Recombinant Xenopus tropicalis FUN14 domain-containing protein 1 (fundc1)

How is recombinant Xenopus tropicalis FUNDC1 typically produced and purified?

Recombinant Xenopus tropicalis FUNDC1 is typically expressed in E. coli expression systems, using a His-tag or GST-tag fusion for purification purposes. The protein is commonly supplied as a lyophilized powder for stability and can be reconstituted in deionized sterile water to a concentration of 0.1-1.0 mg/mL. For long-term storage, it's recommended to add glycerol (final concentration of 50%) and store in aliquots at -20°C to -80°C. The purified protein typically achieves greater than 90% purity as determined by SDS-PAGE .

What is the phylogenetic relationship of Xenopus tropicalis FUNDC1 to other vertebrate FUNDC1 proteins?

FUNDC1 contains a conserved FUN14 domain which is present in nearly all three domains of living organisms (eukaryotes, archaea, and bacteria).
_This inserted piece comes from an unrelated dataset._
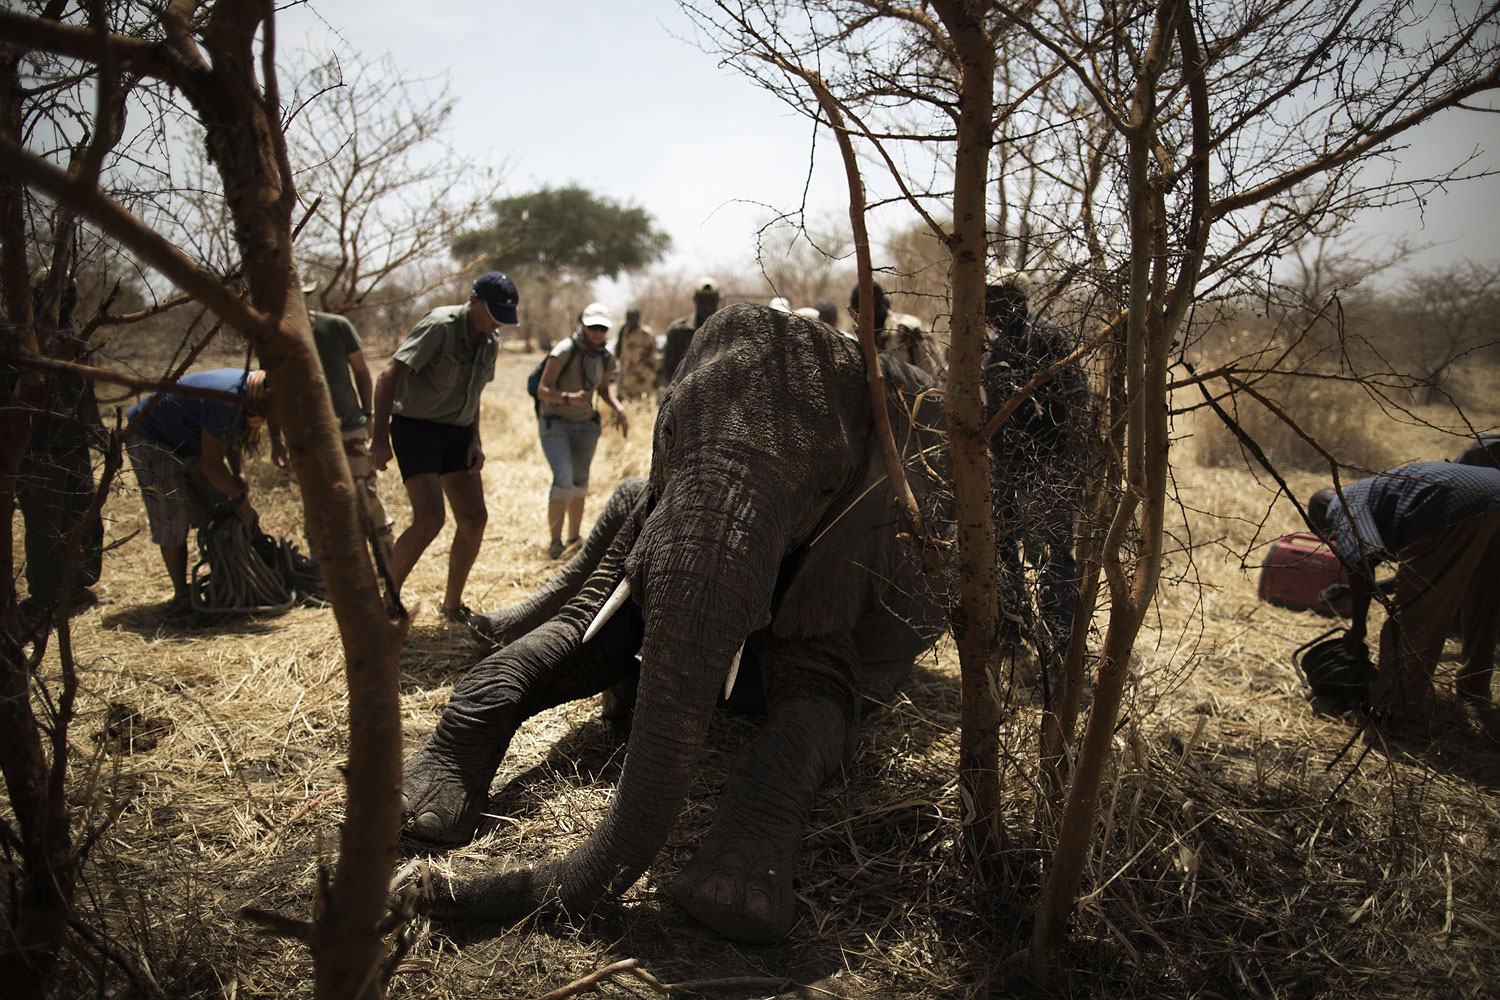 African Parks staff scramble to help an elephant who fell on a dangerous position after being darted at the Zakouma National Park on Feb. 23, 2014 during a collaring operation aimed at preserving elephants in the park.

Phylogenetic analysis reveals that the FUN14 domain-containing protein family is highly conserved across species, suggesting fundamental biological importance. In contrast to the BNIP3 domain-containing protein family (another mitophagy receptor family) which is present only in animals, the broader distribution of FUN14 domain-containing proteins indicates their more ancient evolutionary origin . Western clawed frog (Xenopus tropicalis) FUNDC1 serves as an important model in comparative studies due to its position in vertebrate evolution.

What are the primary functions of FUNDC1 in cellular physiology?

FUNDC1 is a mitochondrial receptor located in the outer mitochondrial membrane (OMM) that governs the mitophagy process. It plays essential roles in:

• Mitophagy regulation: FUNDC1 is a receptor that mediates selective mitochondrial autophagy, particularly under hypoxic conditions.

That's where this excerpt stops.